*Work task:* Repeat exactly the lines below, from the line containing "24 Potes De" through the last line, both included. Leave out any pictures.

*Data provided:*
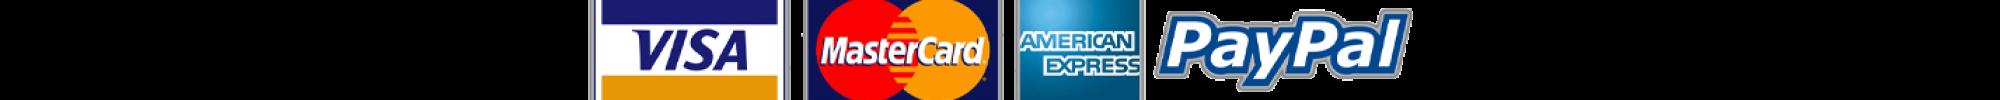 logo-credit-card-payment-card-american-express-credit-card-3ccc9605cfe5c4f09564806ff1995ebd-1
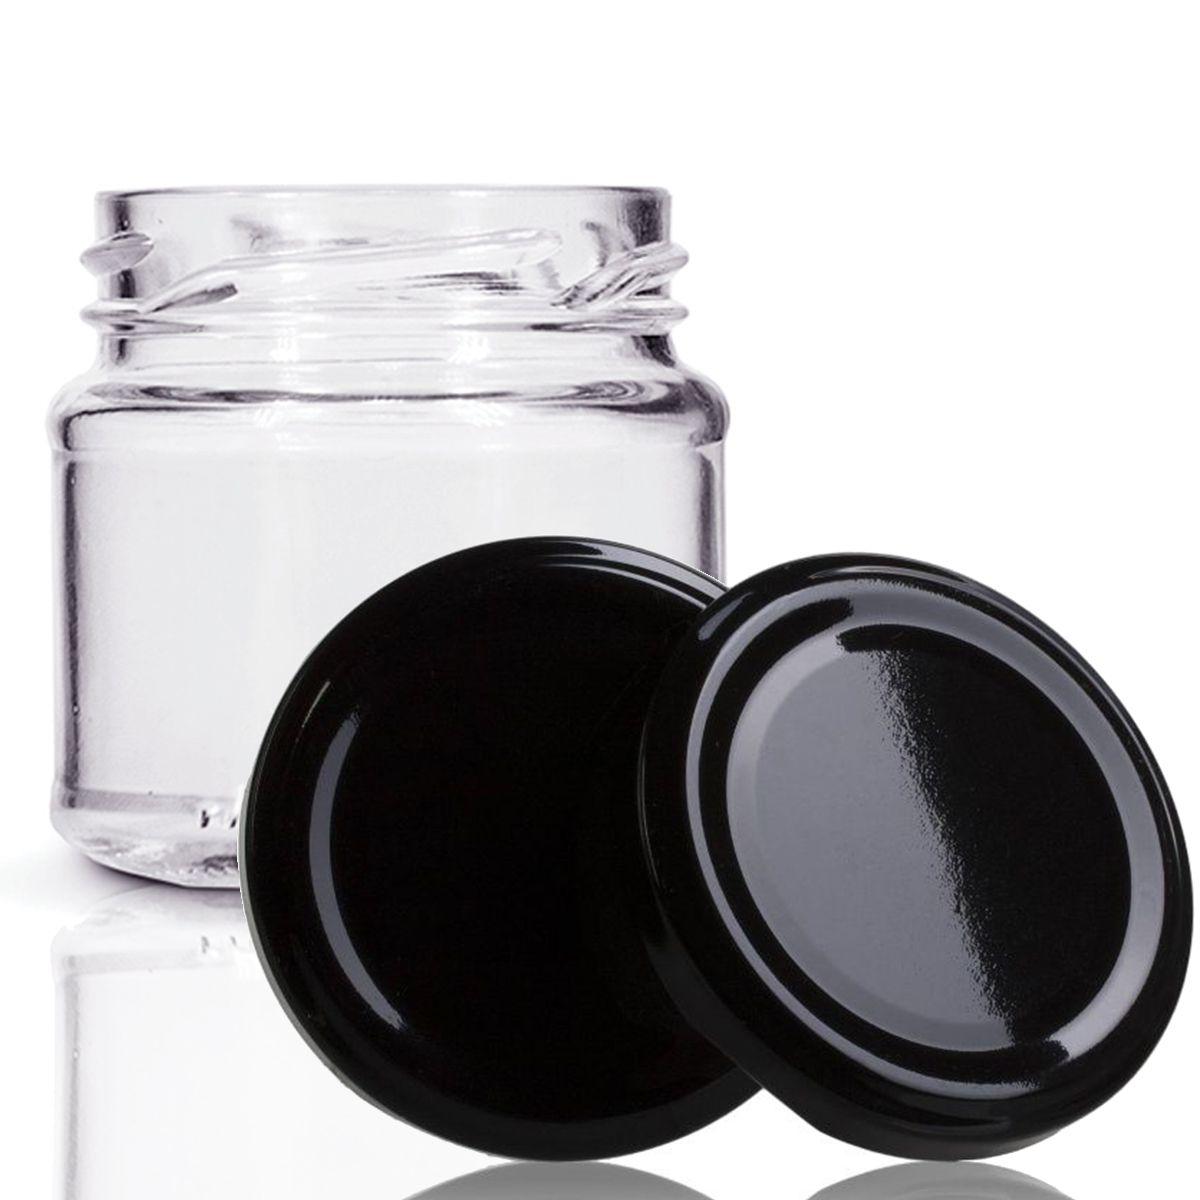 24 Potes De Vidro Mini Belém 150 Ml Tampa Preta + Lacre  - EMPÓRIO PACK
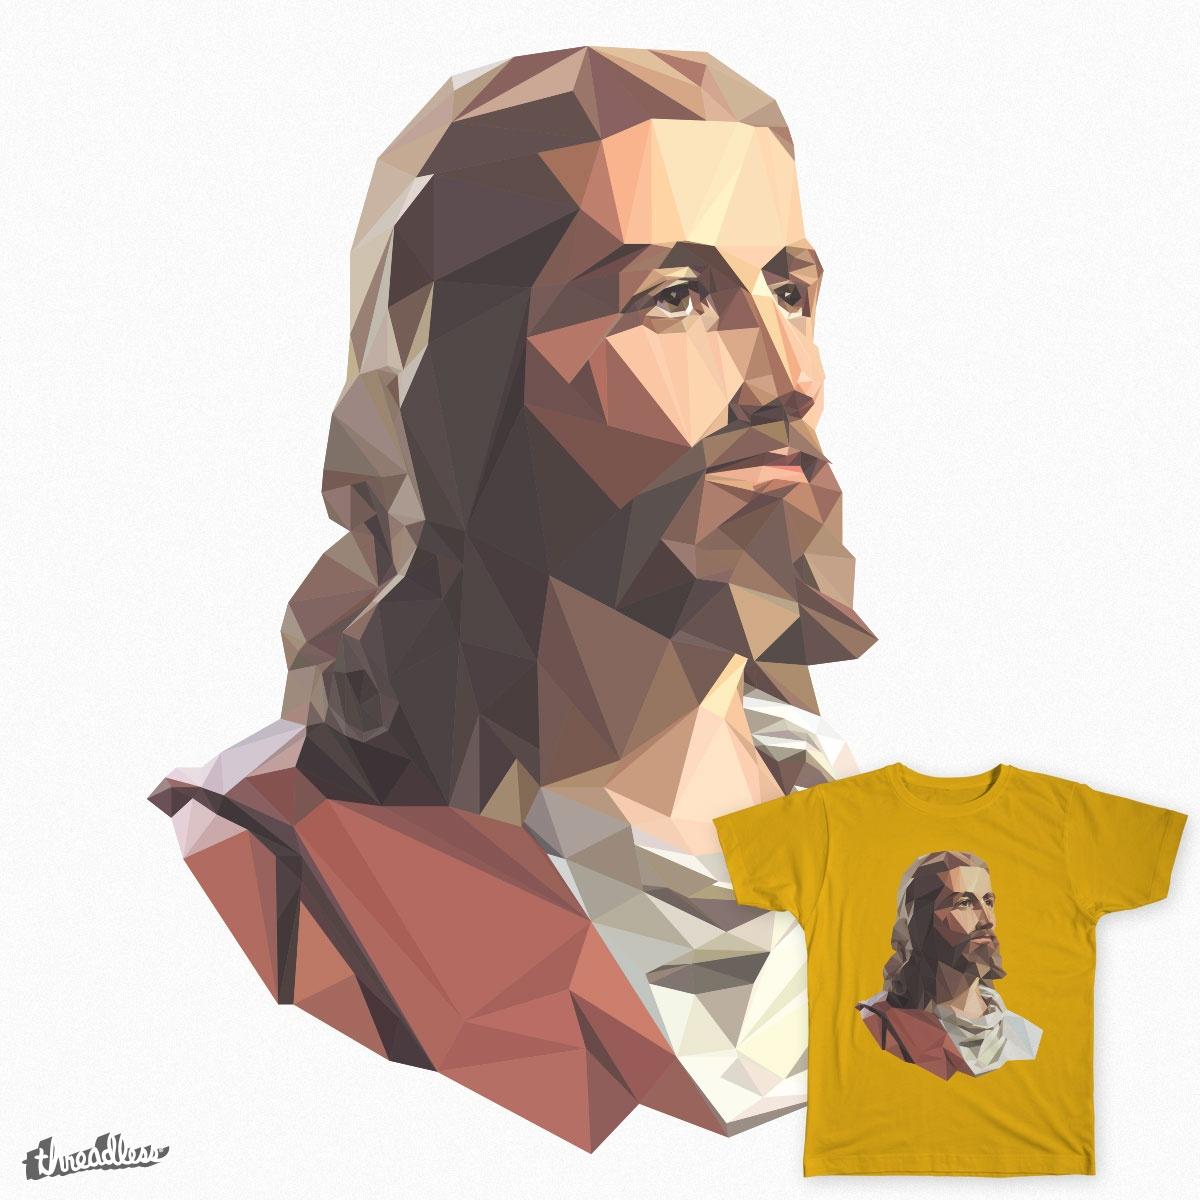 Low Poly Jesus by ryanperkins on Threadless

*Task solution:*
 24 Potes De Vidro Mini Belém 150 Ml Tampa Preta + Lacre  - EMPÓRIO PACK
 Low Poly Jesus by ryanperkins on Threadless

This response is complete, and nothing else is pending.